Le rideau couvre le pan de mur, il cache la double fenêtre qui, au matin, verra le soleil se lever sur une baie bleue et blanche, juste après la pointe d’un clocher, ici le relief du plat pays est fait de clochers hauts et pointus. C’est le pays où la mer apparaît au détour d’un virage, à la fin d’une route, derrière une colline de sable, on appelle ça une dune.

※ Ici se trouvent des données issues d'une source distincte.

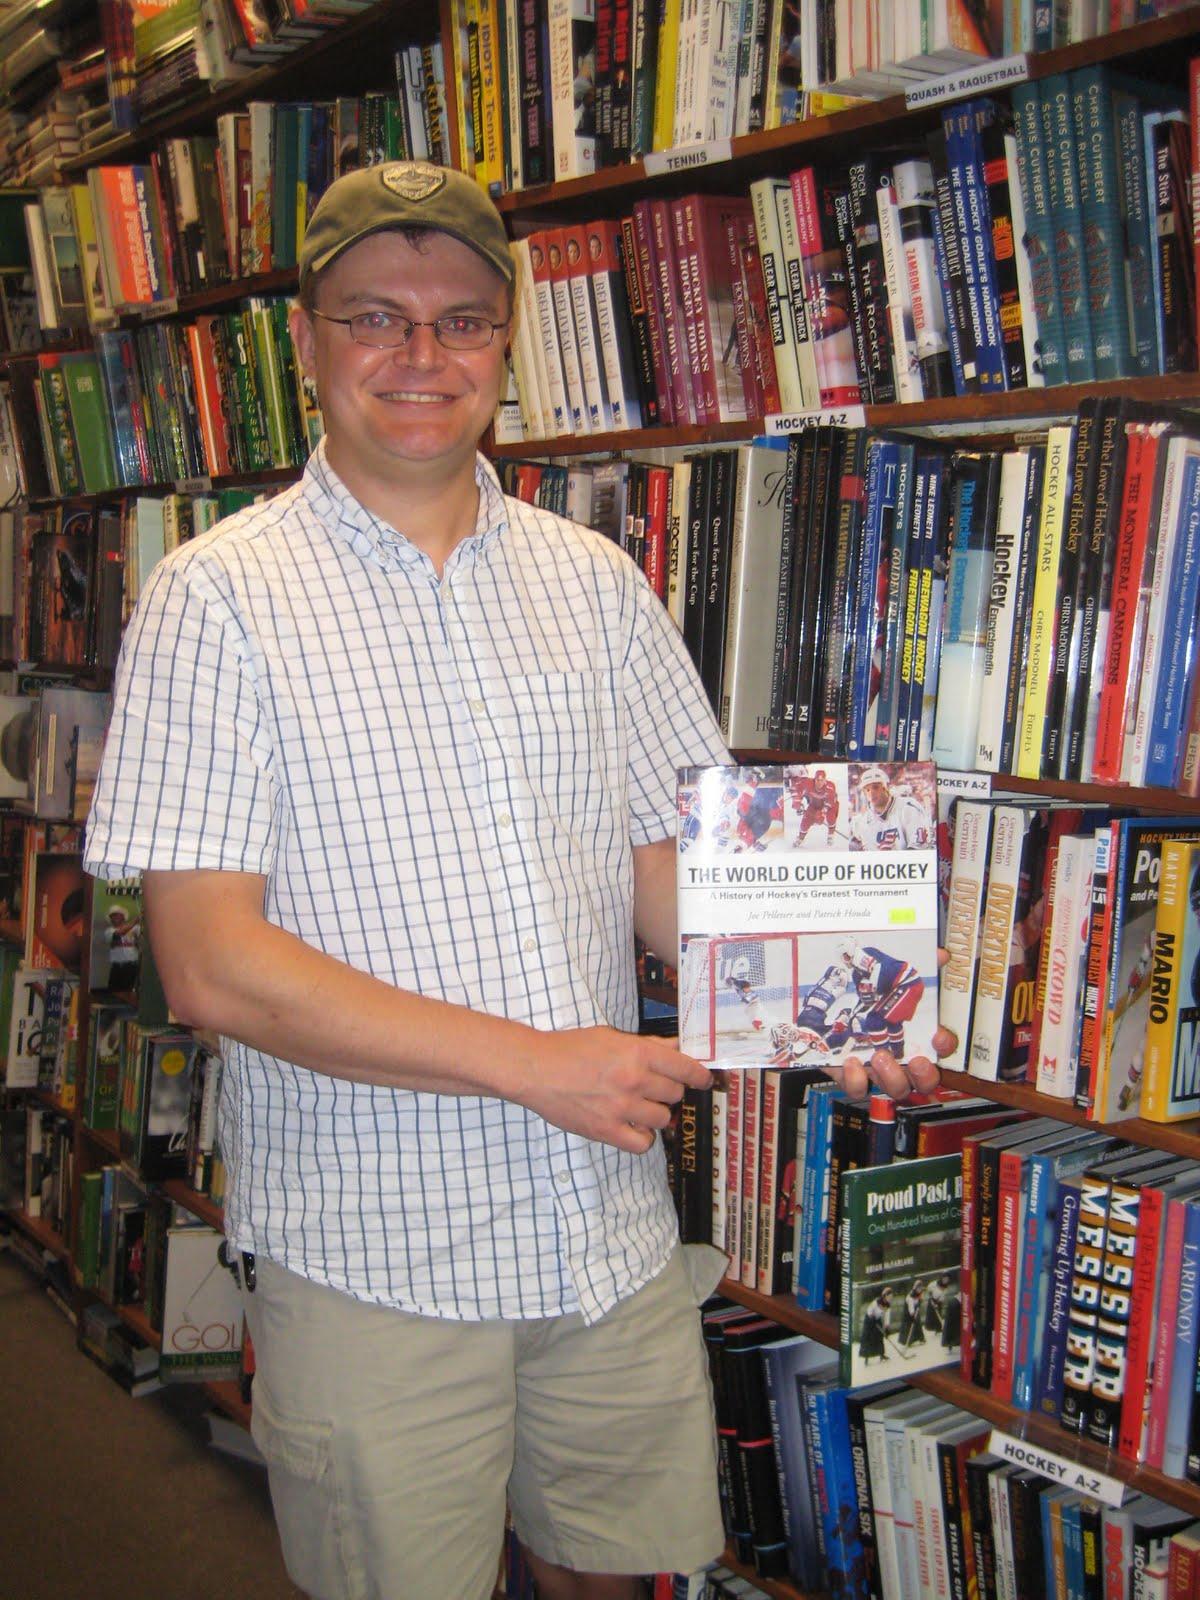 Greatest Hockey Legends com: Used Bookstore Treasures

Nous marchons sur le sable mouillé, dur, nos pieds nus contre les coquillages à demi enfouis, parfois ils nous blessent, parfois il n’y en a plus. Alors, le sable prend la forme des vagues, en gros plan ça pourrait ressembler aux dunes de Mauritanie. Mais je n’y suis jamais allée, peut être que ça ressemblerait plus aux dunes du Sahara. Celles qui s’avancent vers la mer.

Partout des rochers, des millions d’années de rochers, assez érodés pour être ronds, il arrive même qu’ils soient suspendus en plein ciel, si, je t’assure, ils tiennent je ne sais comment, la force des vagues et celle du courant, la pomme de Newton, la gravité généreuse du ciel bleu, l’attraction de la terre nourricière, enfin bref, le rocher suspendu tient, comme un point sur le i du clocher un peu plus loin.

La mer s’est retirée si loin que nous marchons longtemps. L’eau, est verte ou bien bleue, grise au passage d’un nuage furtif poussé par le vent, blanche quand le sable clair remonte en douceur à la surface de l’eau cristalline. Et froide.

Nos pieds font floc floc, ils sont saisis, ils caressent les quelques algues vertes, des entéromorphes, de celles qui font les produits de beauté, à la maison aussi j’utilise un produit de beauté de la mer, surtout l’été, entre les doigts de pieds, la vase, en masque.

J’essaie de photographier ces échevelées, mais mon objectif n’est pas fait pour ça, il n’approfondit pas le paysage, il s’arrête à la surface des visages, il fait surgir un regard, et cache le fond des choses, ou bien des apparences.

Quand nous rentrons à l’hôtel, nous sommes surpris du silence et de l’air qui s’éteint. Nous avons changé de chambre en milieu de semaine par étouffement d’air, malgré la vue qui s’ouvre sur l’horizon. Nous ne pouvons pas laisser la fenêtre ouverte la nuit car le passage des voitures au petit matin se fait continu, on dirait la ville, et nous fuyons les villes.

Il y a un restaurant et une piscine. Grand restaurant, petite piscine. Elle est là pour adoucir notre conscience peut-être, pour nous faire croire que les six brasses ou les quatre crawls de sa longueur feront passer l’entrée plat dessert qu’il nous arrive de prendre. C’est un leurre, mais c’est un bien être de pouvoir s’alléger dans l’eau face aux baies immenses.

Vraiment cet endroit est superbe.

J’en avais un dessert, ces dunes de Keremma, un dessert aux pommes, rapidement fait, de ceux qui sauvent un goûter quand des amis débarquent à l’improviste, ou quand un petit creux saisi la maisonnée, ça y est je me souviens, en réalité c’était un cinqquatretroisdeuxun, faut que je me souvienne mieux, un oeuf, deux d’huile, trois de lait quatre de sucre et cinq de farine? je ne suis pas sûre je ne sais plus, mais c’est quelque chose comme ça. Avec des pommes en tranches fines, hop au four, dix ou quinze minutes? et puis tu rajoutes un peu de sucre par dessus et tu passes au gril 5 minutes. Tu vois? J’ai retrouvé ma recette là, clic, ça y est, tu peux essayer en confiance.

Cinq jours de vacances à deux sur 365 jours d’une année. Ça n’a pas de prix.

 

 

 

 

2 commentaires

  1. Pom pom pom
    Tiens je me suis demandé si vous aviez des producteurs locaux, j’adore les pommes, je pourrais en ramener un cageot ? Tu me diras.

    Bon comme le K. Ouf vous ne vous lassez pas d’avoir les pieds salés. Vous savez apprécier et prendre le large du quotidien. Félicitations. C’est précieux. Est-ce que, comme dans tous les couples ou presque, c’est toi qui programme, propose, réserve, etc ? Je ferai bien une étude socio anthropo sociale sur ce phénomène.